22 Feb 2019 3 min read

Separation of powers on the board


Splitting out the Chief Executive Officer (CEO) and board chair roles may help companies prepare for future challenges.


Having the right structure at the top of a company is crucial for its success. When a single person is tasked with exercising management duties as CEO and challenging management simultaneously as board chair, we believe a conflict is inherent.

Recent news stories have thrown this into sharp relief. The arrest of Nissan’s chairman, Carlos Ghosn, who was also chair and CEO at Renault, has set alarm bells ringing over the future of the French car company and the Renault-Nissan-Mitsubishi alliance. Stakeholders have woken up — with a jolt — to how the board-level structure led to Ghosn playing a domineering role in the company and the alliance.

Another headline detailed Elon Musk’s commitment to resign as chairman of Tesla. He will be staying on as CEO, however, despite becoming embroiled in a scandal over taking the electric car company private. Musk promised to resign his chairman role within 45 days, and has agreed with the Securities and Exchange Commission not to seek re-election to the position for three years.


Separating two of the most high-profile positions in the organisation provides a balance of authority and responsibility that is in the company’s and investors’ best interests


This approach is one of the most publicised remedies the Tesla board has taken to repair the company’s reputation. However, the move has come after a barrage of negative news stories – and we think it’s important for boards to be proactive, rather than to wait until the company is facing turbulent times to act.

We ask for clear roles to be assigned to both the independent chair and the CEO. The CEO focuses on running the company’s business and executing the long-term strategy. The independent chair, along with the rest of the board, is responsible for overseeing the actions of management. Their role also involves board composition and succession planning, performance evaluation of the board and managing the dialogue with investors.

Companies increasingly recognise the benefits of separating the two functions

Concentrating power in the hands of a single individual can be seen as an advantage for a company. It is thought by many to facilitate quick decision-making. However, LGIM’s view is that, on balance, the perceived advantages do not outweigh the risks of such a structure, especially for large complex companies. These include developing a board with an overbearing leader, absence of challenge and poor diversity of thought. Separating two of the most high-profile positions in the organisation provides a balance of authority and responsibility that is both in the company’s and investors’ best interests. It helps to generate engaged, challenging – and sometimes even uncomfortable – dialogue. These kinds of board dynamics give us comfort that decisions are truly being scrutinised at the top.
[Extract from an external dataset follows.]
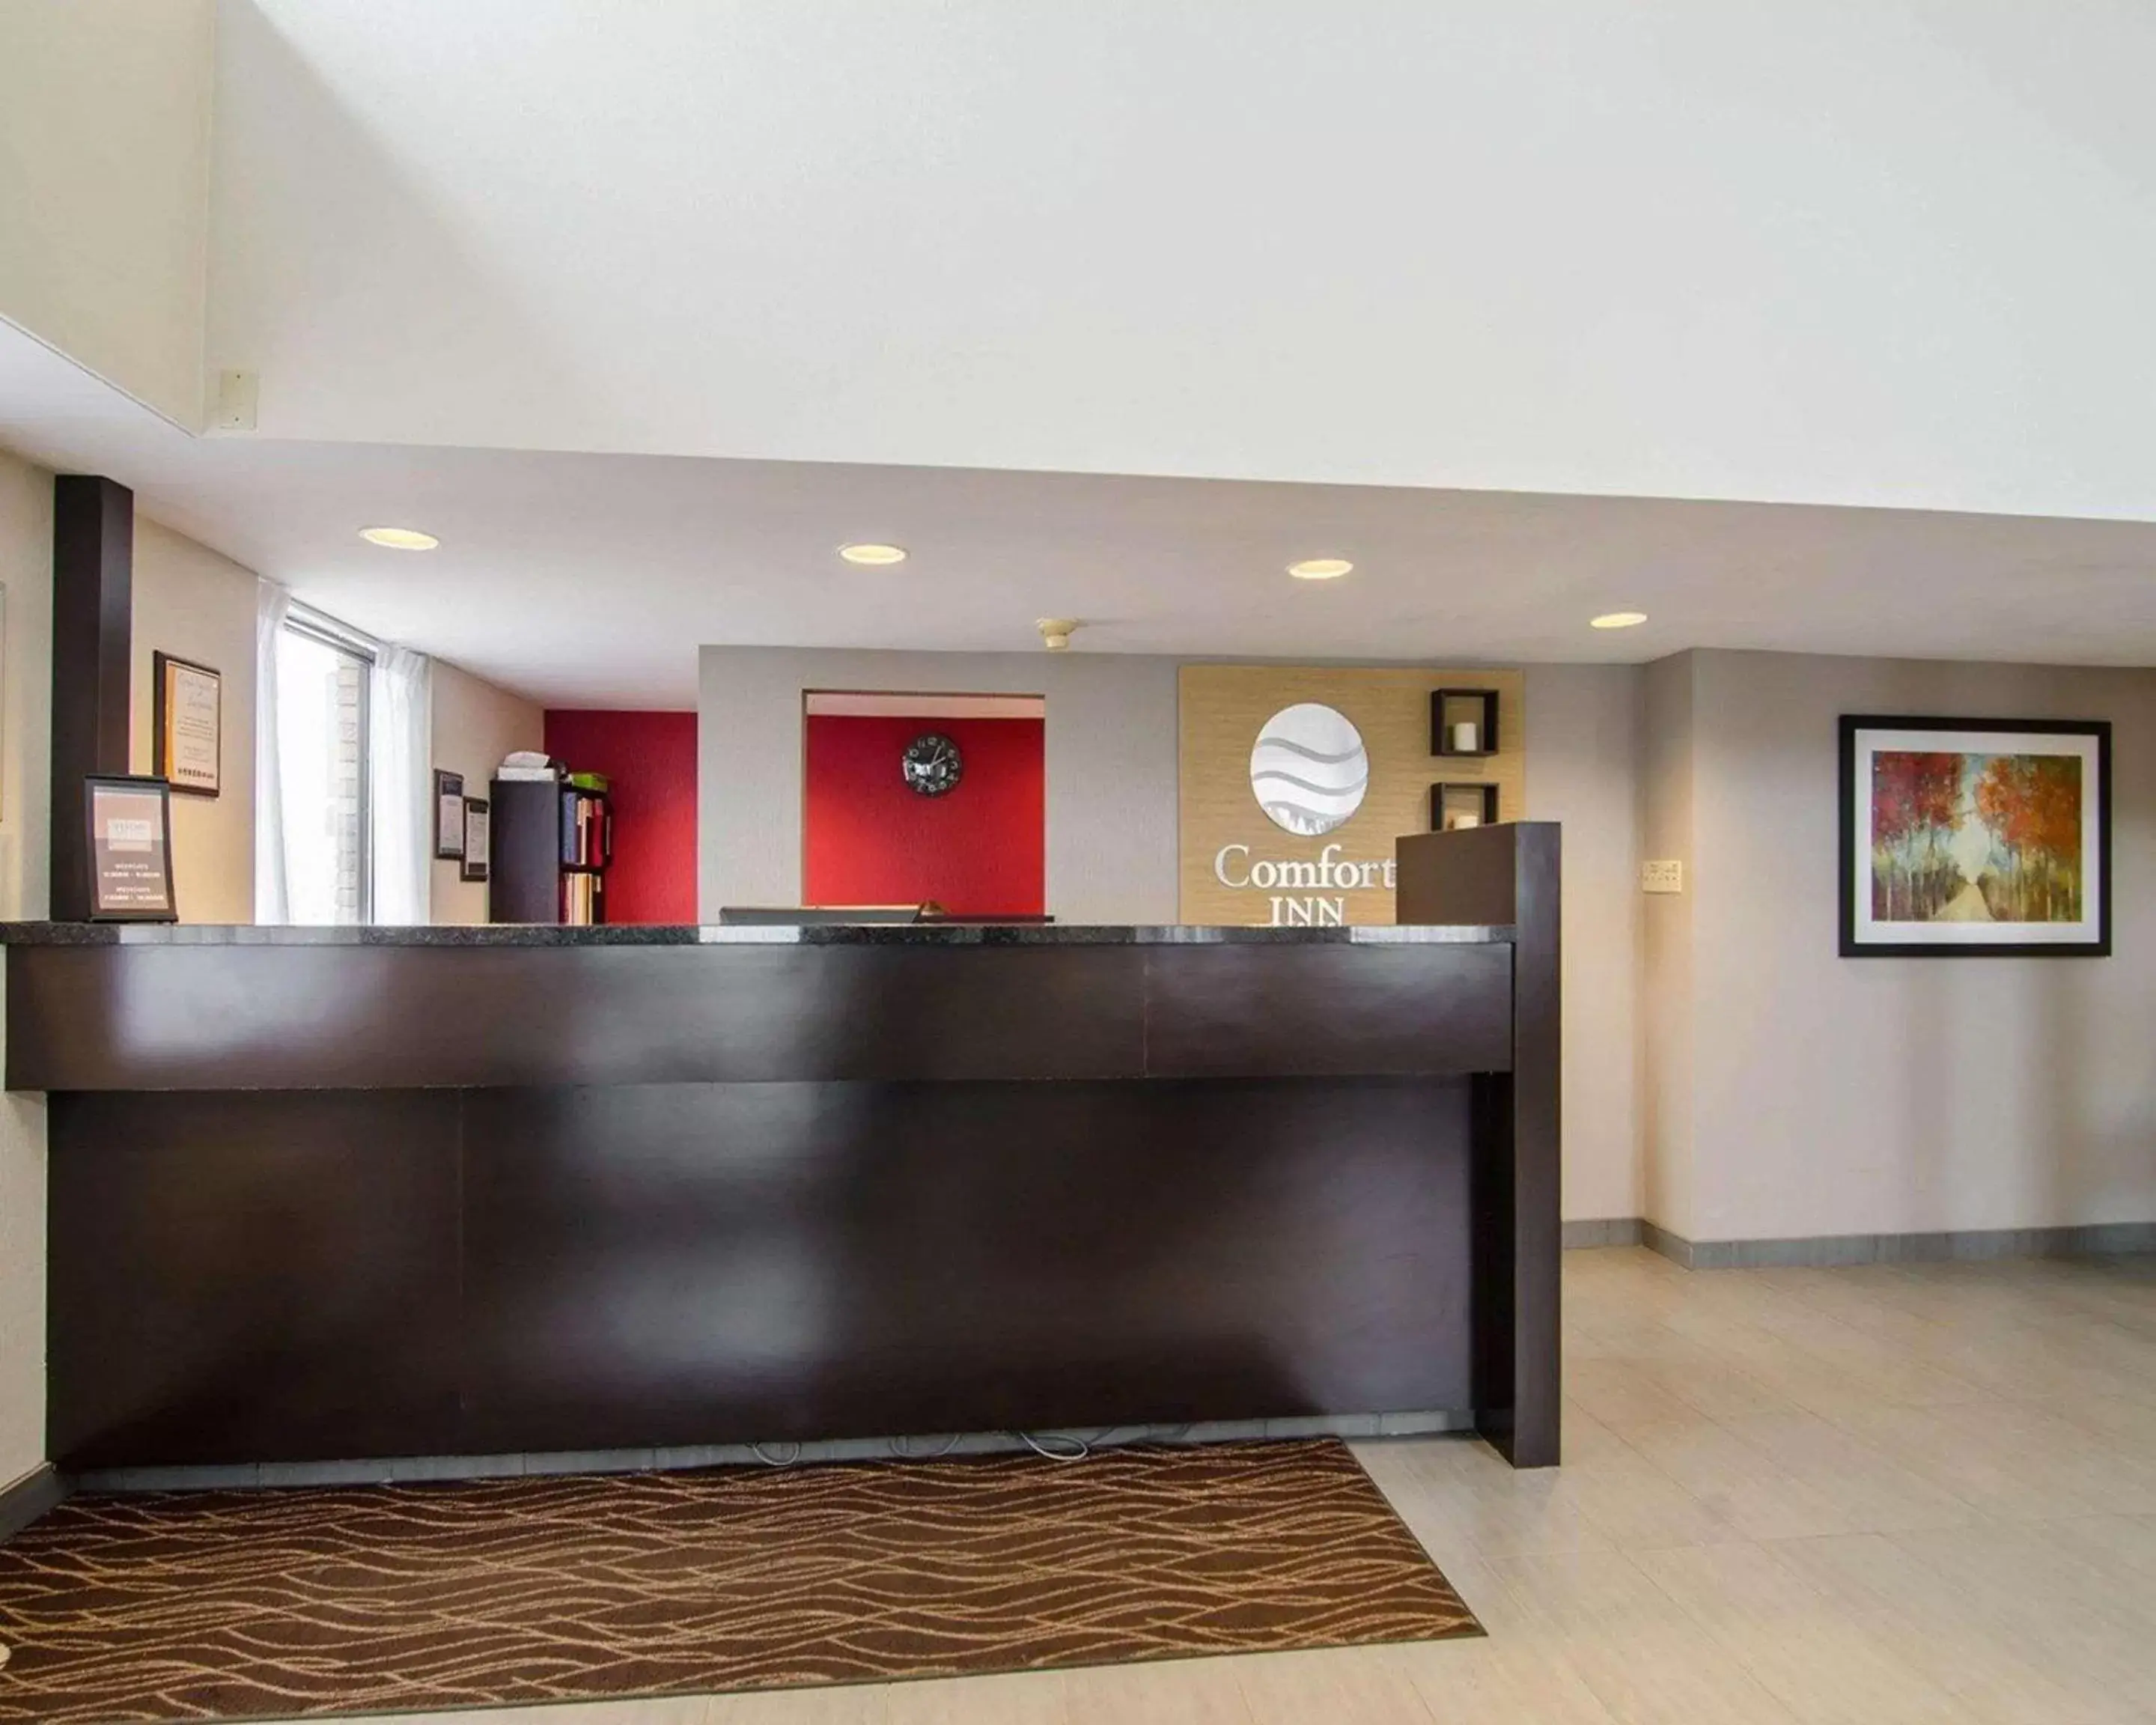 Lobby or reception, Lobby/Reception in Comfort Inn Saskatoon

We have been engaging across the globe and voicing our concerns directly to companies for many years. And it seems that they increasingly recognise the benefits of separating the two functions. In 2008 just 39% of US boards were splitting the two roles compared to 51% in 2017*.

Currently, we are reinforcing our engagement on the topic through an additional campaign in Europe. We are engaging with 14 of the largest French companies and three of the largest Spanish companies representing a total market cap of €549 billion to encourage their boards to split the two roles when putting in place a new succession plan. Depending on how companies respond to our engagement, we will consider voting against the combined chair and CEO of companies who do not agree to splitting the two senior roles when the next succession plan is put in place.

In an evolving business environment, we believe that the roles of CEO and chair will increasingly differ. Two senior leaders with complementary but different skill-sets will increasingly be required to help meet the challenges of the future, and ultimately contribute to make our companies better.

*Source: Spencer Stuart Board Index 2018 – United States

This post is based on Marion’s comment piece which featured on Board Agenda, a governance magazine.